No. Every measurable subset $M$ of a Vitali set in $[0,1]$ is necessarily of measure $0$, by precisely the same argument that shows that if the Vitali set were measurable then it would have measure zero: the rational translates $M+q$ of $M$, with $q\in[-1,1]\cap\mathbb{Q}$ are pairwise disjoint, and contained in $[-1,2]$; so the measure of their union is the sum of their measures and is finite, hence must be zero.

This is easily extended to $\mathbb{R}^n$ for any $n\gt 1$.

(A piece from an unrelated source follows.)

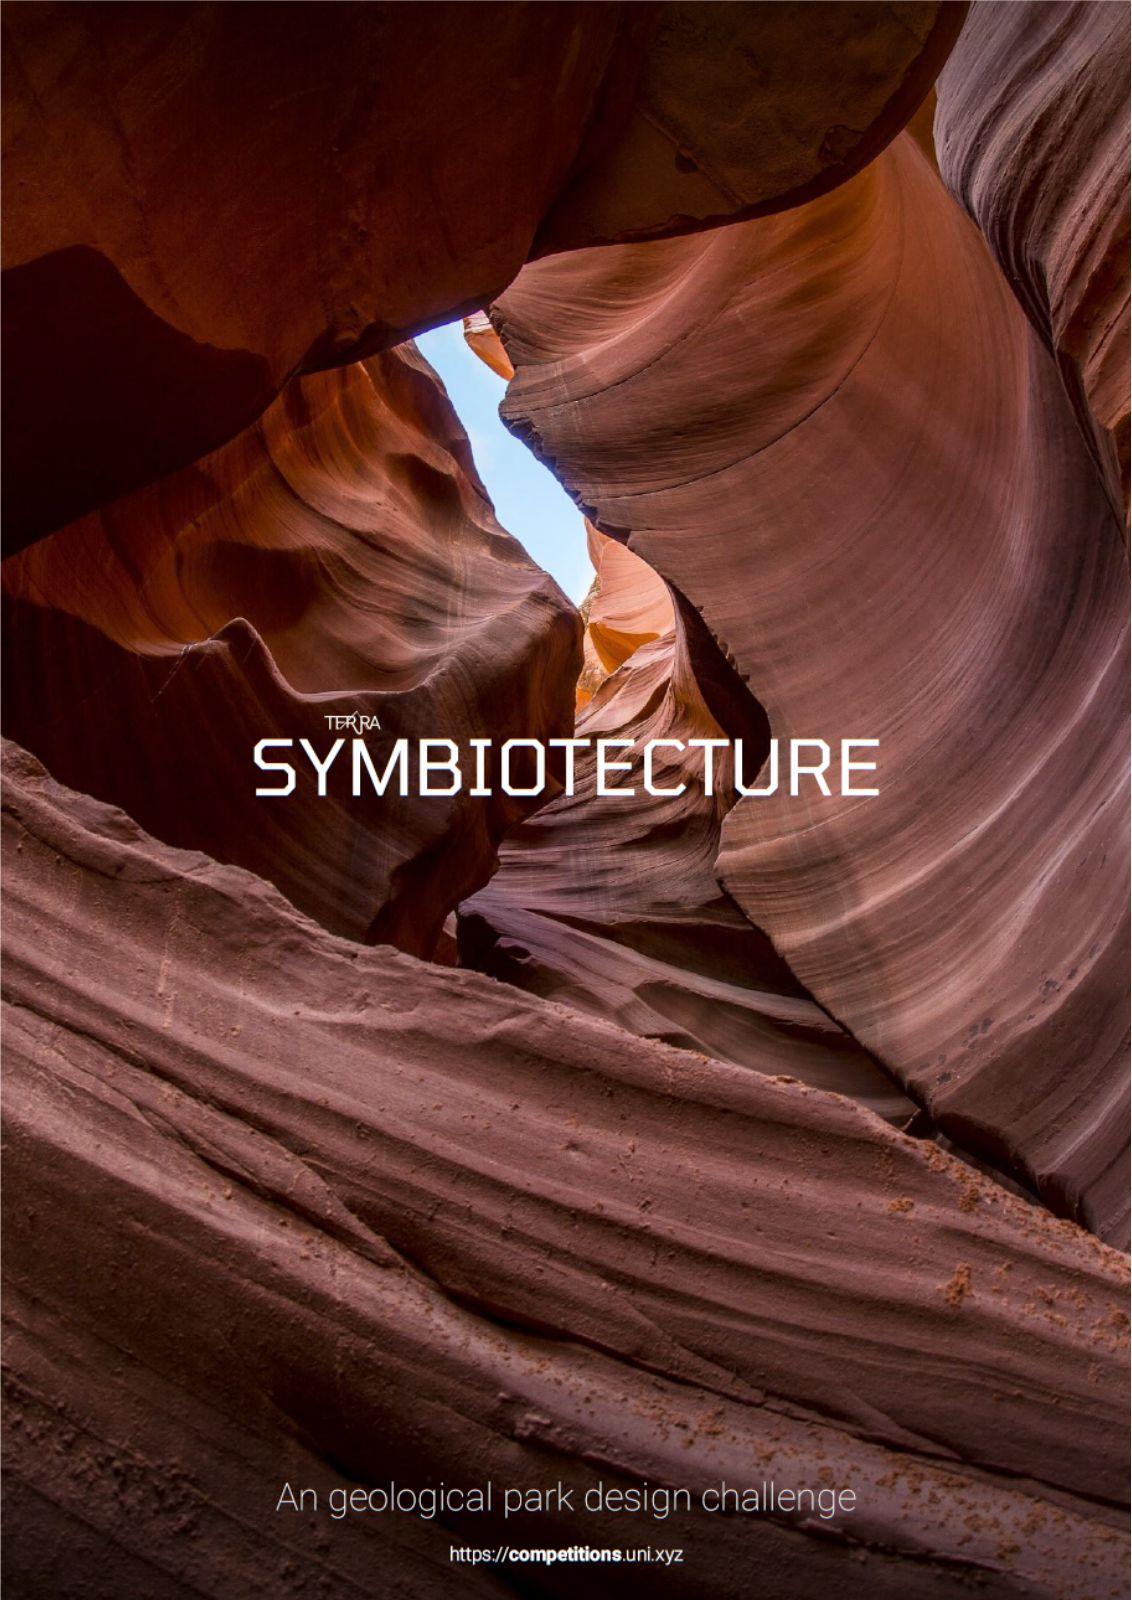 SYMBIOTECTURE

(Of course, it is also false that a measurable subset of a nonmeasurable set must have measure zero, since we can let $V$ be a Vitali set contained in $[0,1]$, and take $A=V\cup (-\infty,0)\cup (1,\infty)$. This is not measurable, but contains measurable set of any measure you care to specify).

Answer 2

The answer is no.

Let $\mathcal{B}\subset\Bbb{R}$ be a Bernstein set; i.e $\mathcal{B}$ intersects every closed uncountable set but contains none of them.

1. Bernstein set is non measurable.

2. Any measurable subset of a Bernstein set must be a null set ( i.e a set with $0$ outer measure).

See here for the details.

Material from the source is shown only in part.